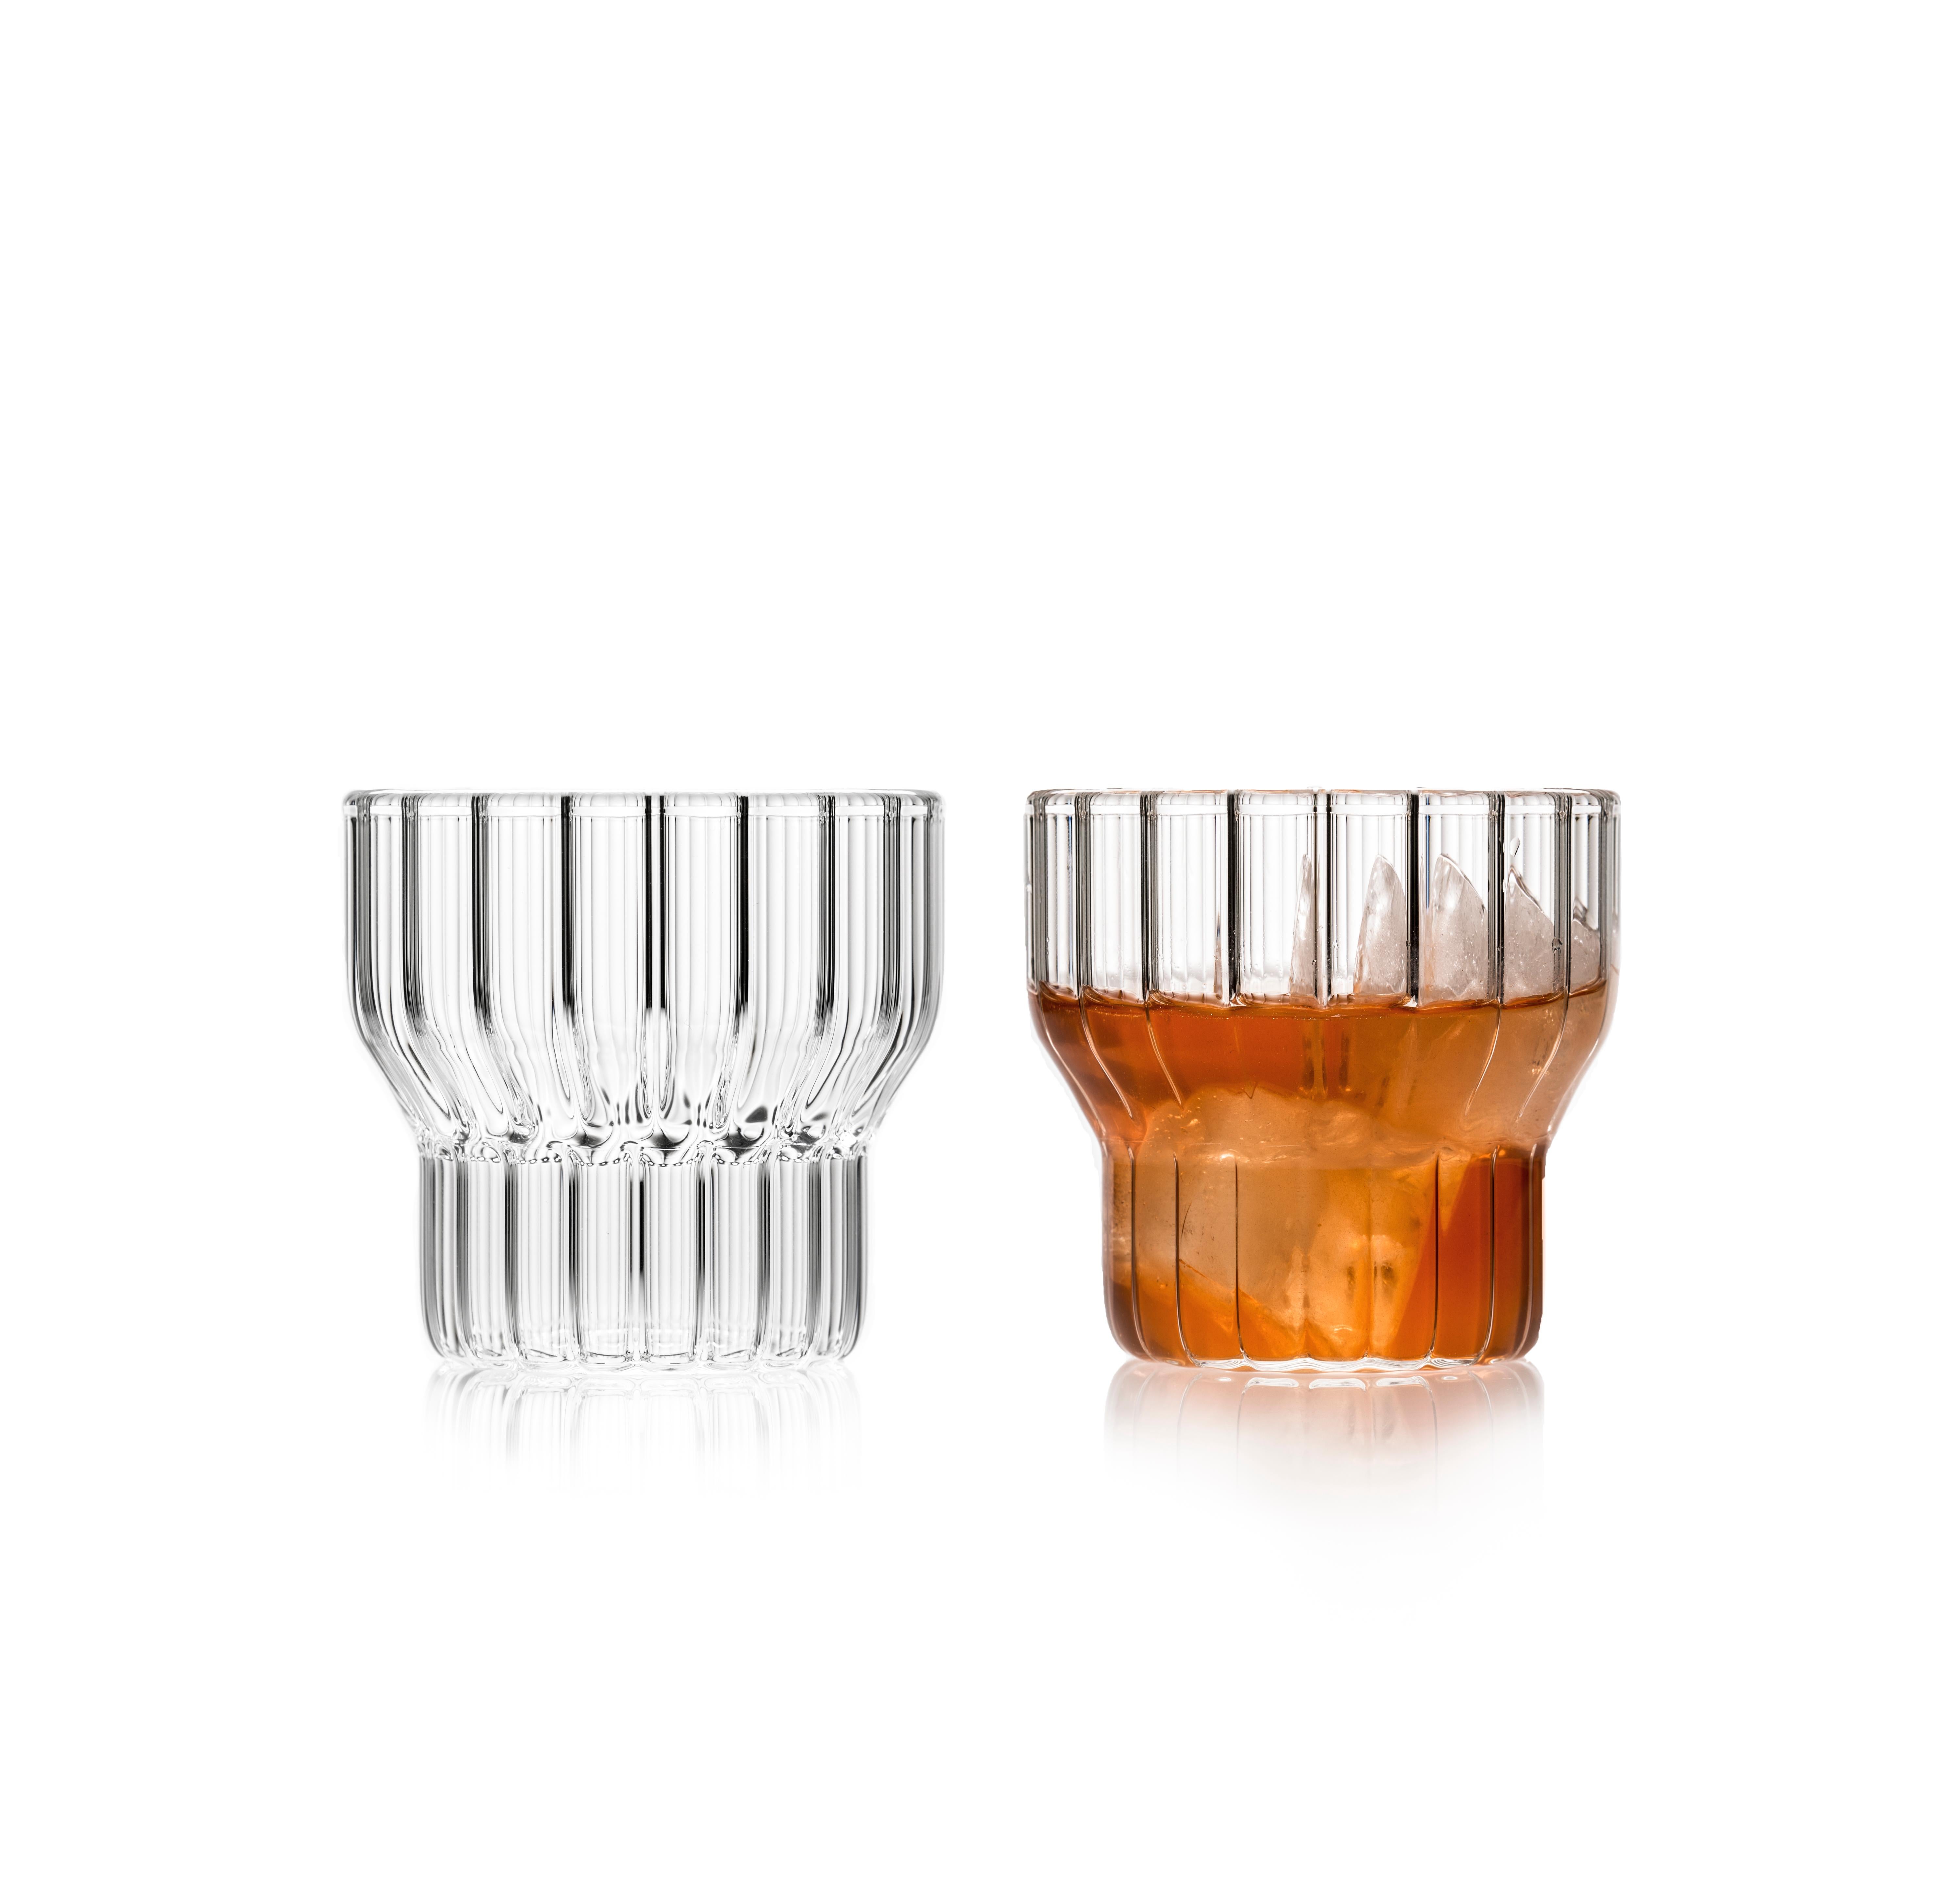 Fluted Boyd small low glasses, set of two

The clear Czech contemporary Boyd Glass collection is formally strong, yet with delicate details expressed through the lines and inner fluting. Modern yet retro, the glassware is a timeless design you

...

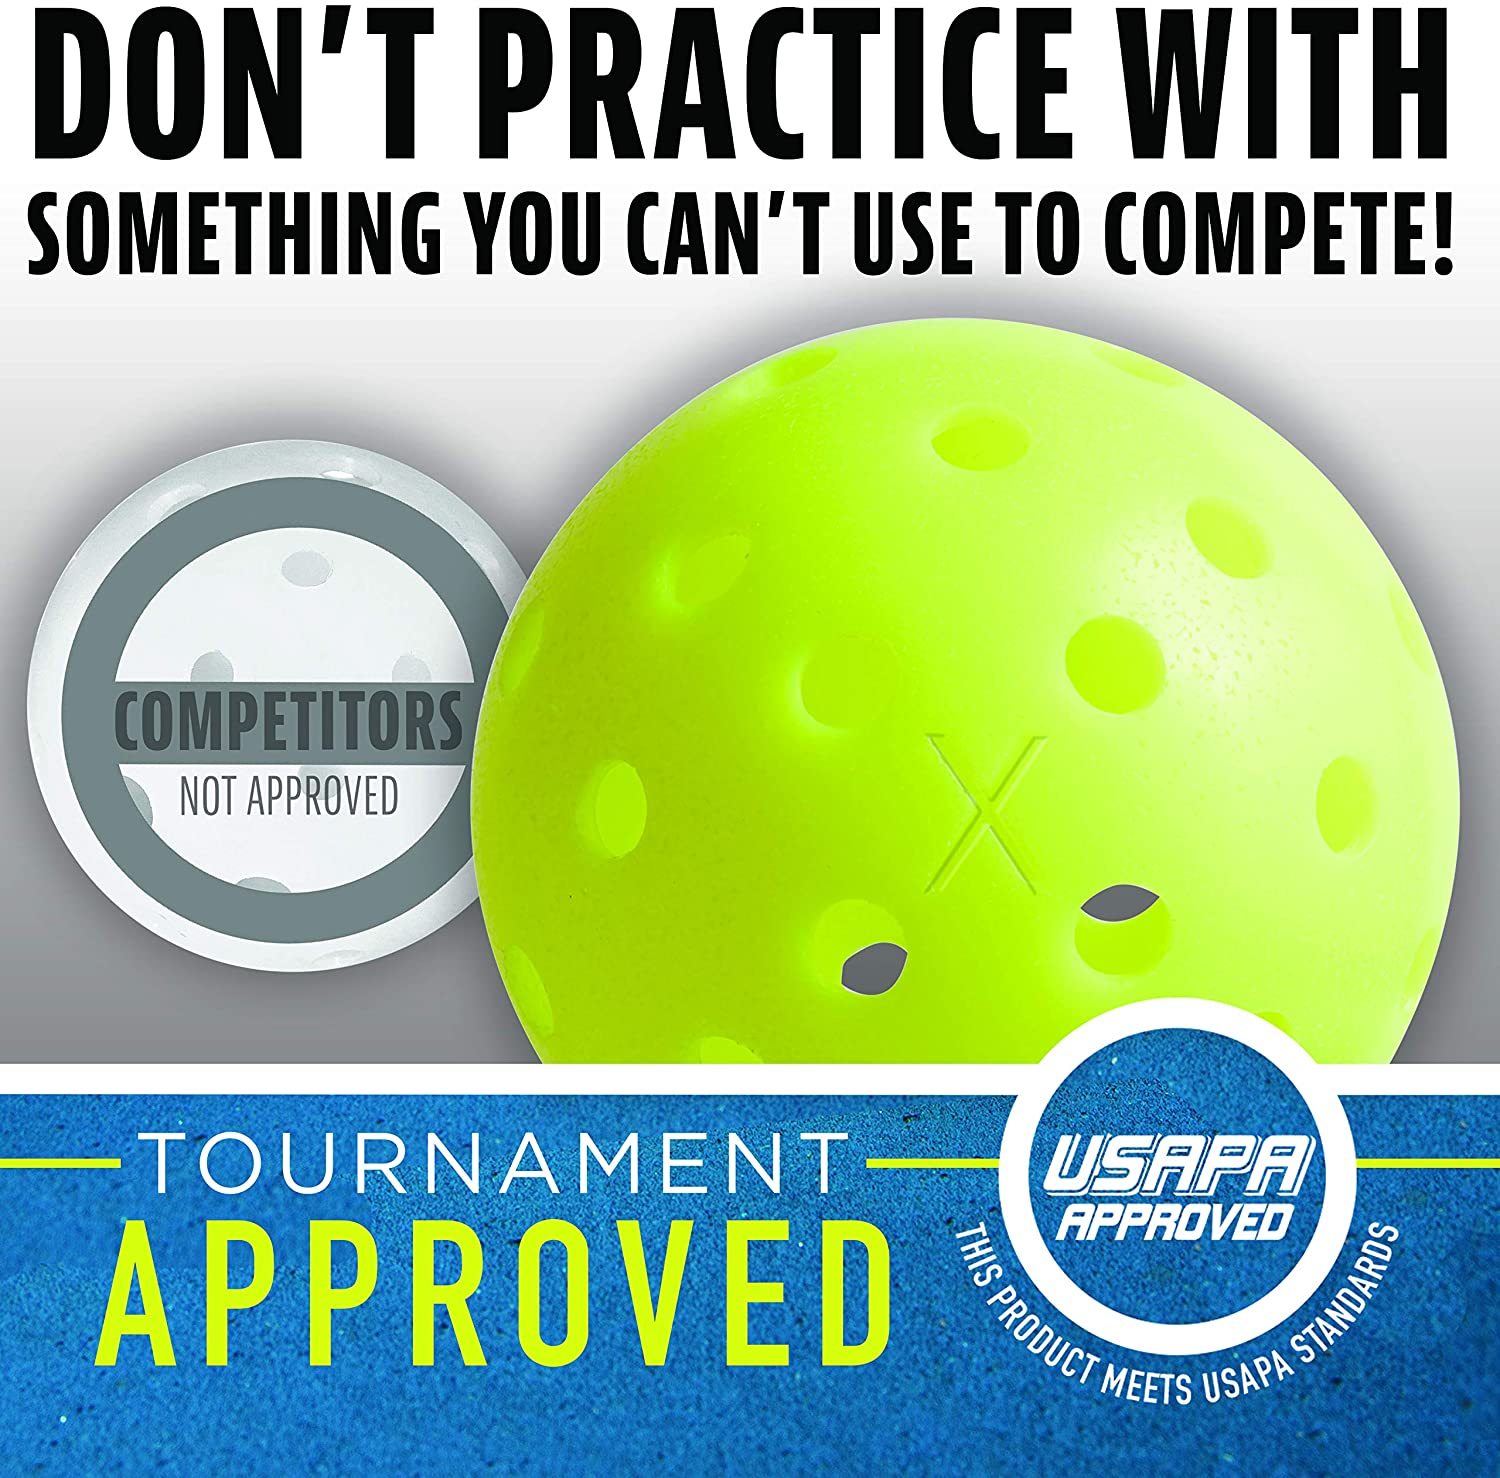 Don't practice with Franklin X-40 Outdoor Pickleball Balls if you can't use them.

Exercise objective: Everything above from the line containing "Fluted Boyd small low glasses, set of two" down to the line containing "The clear Czech" is to be duplicated exactly, both lines included, and the pictures are to be omitted.

Final answer:
 Fluted Boyd small low glasses, set of two

The clear Czech contemporary Boyd Glass collection is formally strong, yet with delicate details expressed through the lines and inner fluting. Modern yet retro, the glassware is a timeless design you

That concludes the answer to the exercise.